Originally Posted by pia32

I was wondering if it would be possible to take a giant motor, then rewind it to get it around 100KV, but I don't know how realistic this is.

Any thoughts or brilliant ideas, besides a hell of a lot of turns on the stator?

As pointed out, rewinding a motor does not change it's torque-RPM curves. All it does is change the battery voltage and current.

A ring gear as shown is a good solution for a gear reduction. These are used in many starter motors, electric drills, winches, etc. They are as common as dirt. By adding a second ring gear on the outside they can have a reduction of 25,000 to 1. These high ratio reductions are common in power rear view mirror on cars. Winches may also use these very high reductions gears.

However the simplest reduction is sprockets and roller chains. Roller chain sprockets are easy to make, even with hand tools and 410 chain is cheap.

Pia32, one other issue you'll bump up against is that as you increase winds, inductance increases which at a certain point will limit the max current that can develop at high RPM in higher pole motors. You can readily see this on a scope. You can readily emulate this too: Take a favorite low-KV motor, run it up to expected load at max RPM. And then double the phase inductance by winding an air-wound inductor out of 12g with the same value as the phase inductance at put it in series with the controller. You'll very likely see top end power fall off appreciably due to the extra inductance.

The second issue you'll encounter is saturation.
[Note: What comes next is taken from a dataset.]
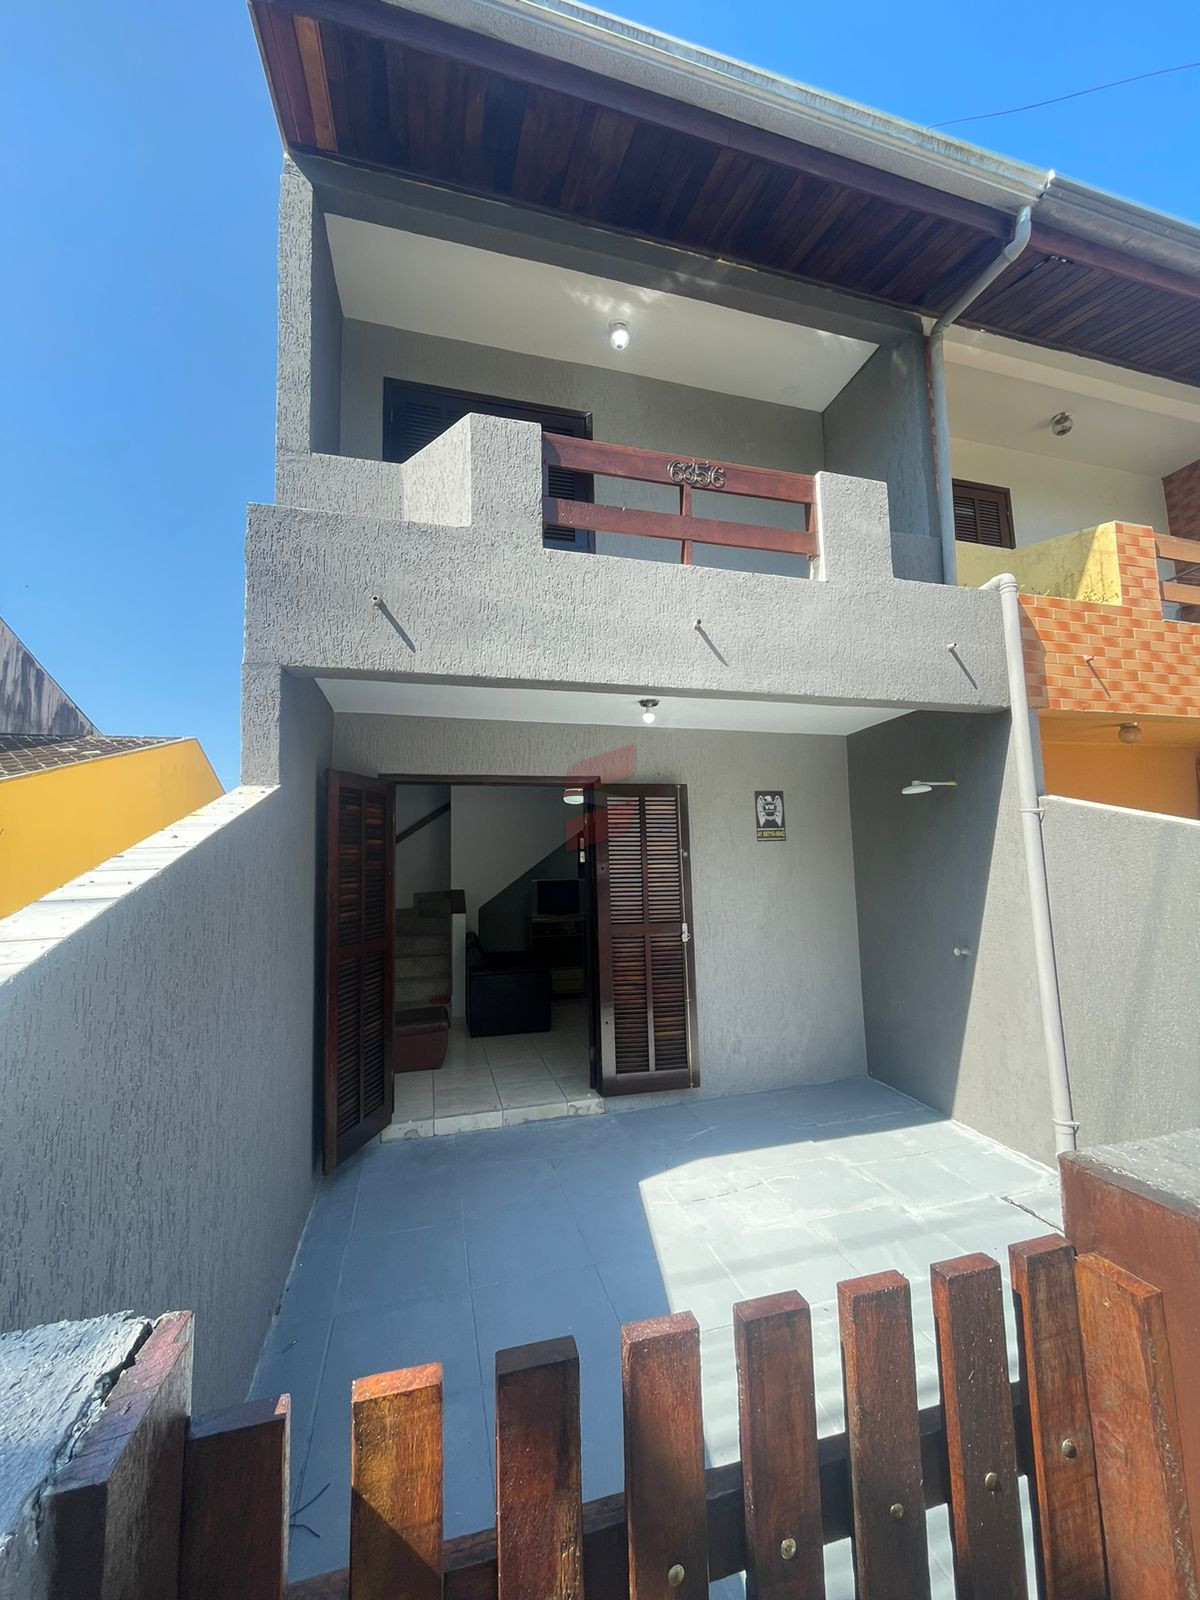 SOBRADO com 2 dormitórios à venda com 202.8m² por R$ 368.000,00 no bairro Balneário Betaras - MATINHOS / PR

As you double the number of turns, you halve the current you can put through the turns. I2R is indeed one reason. But more importantly, Amp*turns must remain constant for a given cross section of steel. If you exceed this, you'll see the Kt of the motor start to flat line. Worse, at some point, the steel will become completely saturated and the inductor value collapse and suddenly what was an inductor will appear as a wire. And the nice sawtooth that you did have going into the inductor will suddenly ramp skyward, just as a wire would. And if your controller isn't smart enough to figure this out, then it will die on the spot.

If you really want the full DIY experience on this, your starting point on this is to pin down your desired acceleration and gearing. That will tell you the torque you require from the motor. Then you can easily derive the torque constant (and Kv) for your desired battery and currents.
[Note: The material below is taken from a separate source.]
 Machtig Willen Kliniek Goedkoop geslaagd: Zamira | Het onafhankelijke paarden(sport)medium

And then you'll know what motor to go after. At high power levels, rewinding won't work magic. You can nudge a bit one way or the other. But you won't transform a 3KW motor into a 6 KW motor via rewinding, unless the 3 KW motor was woefully underspec' ed in the first place.

PS. Plan on wye. Delta issues at higher power levels related to circulating currents at higher harmonics, and these will rob efficiency. Plus, wye will give you a lower KV.